Edit: Properly set up and cared for (with heavy planting) you could also do a *single* Dwarf Puffer (aka. Indian Dwarf Puffer, Malabar Puffer, Pea Puffer) Species name Carinotetraodon Travancoricus. This is the smallest puffer species at only 1"-1.5" long maximum size. 

Gotta be careful about your supplier though, as oft times some unscrupulous or unknowing businesses will try to sell you a Figure Eight or Green Spotted puffer instead of the DP.


----------



## ddtran46 (Jul 8, 2008)

Walking_Target said:


> what substrate is that? do you plan on dosing ferts?
> 
> Small plants (obviously) will be your best choice... i'm in favor of large rocks and mosses, personally.
> 
> ...


my substrate is currently flourite black mixed with gravel. im dosing any ferts yet because i have no plants. right now i am just cycling the tank until i know what i want. i am going to put amano shrimps in there i think or 10 rummynose tetras.. jk!


----------



## chase127 (Jun 8, 2008)

ddtran46 said:


> my substrate is currently flourite black mixed with gravel. im dosing any ferts yet because i have no plants. right now i am just cycling the tank until i know what i want. i am going to put amano shrimps in there i think or *10 rummynose tetras*.. jk!

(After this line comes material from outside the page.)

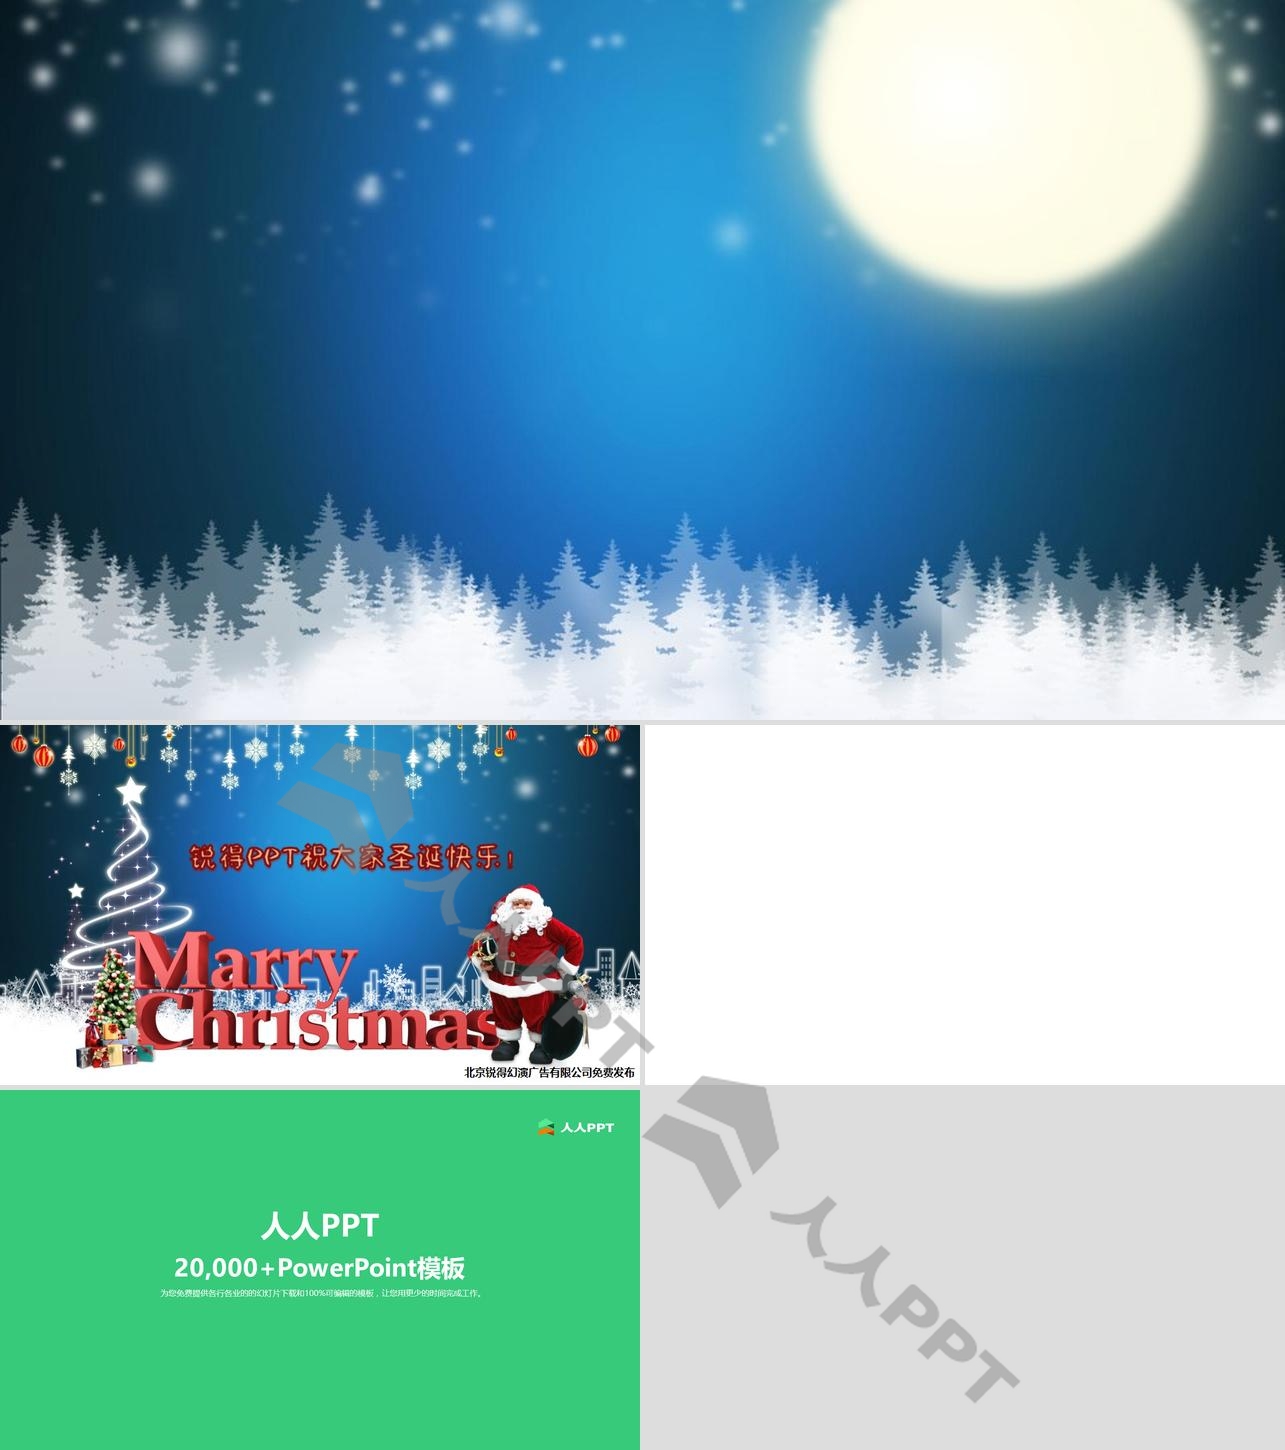 大雪纷飞圣诞老人送礼物――圣诞节音乐祝福贺卡PPT模板长图

lol i was about to shoot you 

i think a few downoi would look nice along with a couple of stems and some moss on a branch.


----------



## tremendotron (May 21, 2008)

I've seen a few tiny plants in the LFS lately, "micro swords" and the like. Those might look good.

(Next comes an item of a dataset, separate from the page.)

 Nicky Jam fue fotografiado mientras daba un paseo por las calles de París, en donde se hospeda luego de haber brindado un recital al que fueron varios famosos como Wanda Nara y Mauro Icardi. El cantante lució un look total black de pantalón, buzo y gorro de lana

A tiny piece of driftwood with some moss might be nice, or a nice rock.

I have watersprite in my 3-gallon at work... it grows so quickly that it grew right into the hood.


----------



## bsmith (Jan 8, 2007)

I have some Echolaris Belem that would look wonderful as a foreground grass if your interested. PM me if interested.
Here is a pic of it. :icon_wink


----------



## fish_fasinated (Mar 30, 2006)

i choked on my coffee when i saw 10 rummynose! shrimp or a betta i would say.


----------



## ddtran46 (Jul 8, 2008)

ok heres my current layout for the tank. these were the only rocks i had that fitted in the tank. im planning on getting dwarf hairgrass on the back and the foreground will have dwarf babytears next week or so. what do you think?


----------



## Solstice (Jan 9, 2006)

Good start!

You're going to need more light than that to grow HC (aka dwarf baby tears) well. I have the same tank (see sig) with HC in it and have 27w over mine. I did something similar with HC, DHG and Pellia.

Good luck! Keep the thread updated.


----------



## ddtran46 (Jul 8, 2008)

Solstice said:


> Good start!
> 
> You're going to need more light than that to grow HC (aka dwarf baby tears) well. I have the same tank (see sig) with HC in it and have 27w over mine. I did something similar with HC, DHG and Pellia.
> 
> Good luck! Keep the thread updated.


thanks for the info Solstice:icon_wink do you have any updated pics of your 3 gallon tank to show me??:hihi:


----------



## Solstice (Jan 9, 2006)

I'd be happy to show you pics but after being moved 3 times (office to office to home to office) everything got uprooted and went to hell.  It's currentlg undergoing a major rescape, but I'll have pics in a month or so! roud:


----------



## ddtran46 (Jul 8, 2008)

ok heres my future tank. i might make it like this. i think its pretty cool. i dont know... the light green will be blyxa, the brownn stuff is the driftwood i already have with moss and java fern covering it. and the swiggly dark green color is a carpet plant that i cant think of. any suggestions? thoughts?


----------



## plantoon (Jun 24, 2008)

HC or Glosso maybe?


----------



## ddtran46 (Jul 8, 2008)

plantoon said:


> HC or Glosso maybe?


can hc or gloss be grown well with 3 wpg?


----------



## Ebichua (May 13, 2008)

ddtran46 said:


> can hc or gloss be grown well with 3 wpg?


Yes.


----------



## Solstice (Jan 9, 2006)

Ebichua said:


> Yes.


Not when that 3wpg is only 9 watts. The WPG rules does not apply to nano or very large tanks. I think you better look at upgrading that light quite a bit if you want to grow HC well. I'd say you really want a minimum of 18w and preferably more.


----------



## ddtran46 (Jul 8, 2008)

Solstice said:


> Not when that 3wpg is only 9 watts. The WPG rules does not apply to nano or very large tanks. I think you better look at upgrading that light quite a bit if you want to grow HC well. I'd say you really want a minimum of 18w and preferably more.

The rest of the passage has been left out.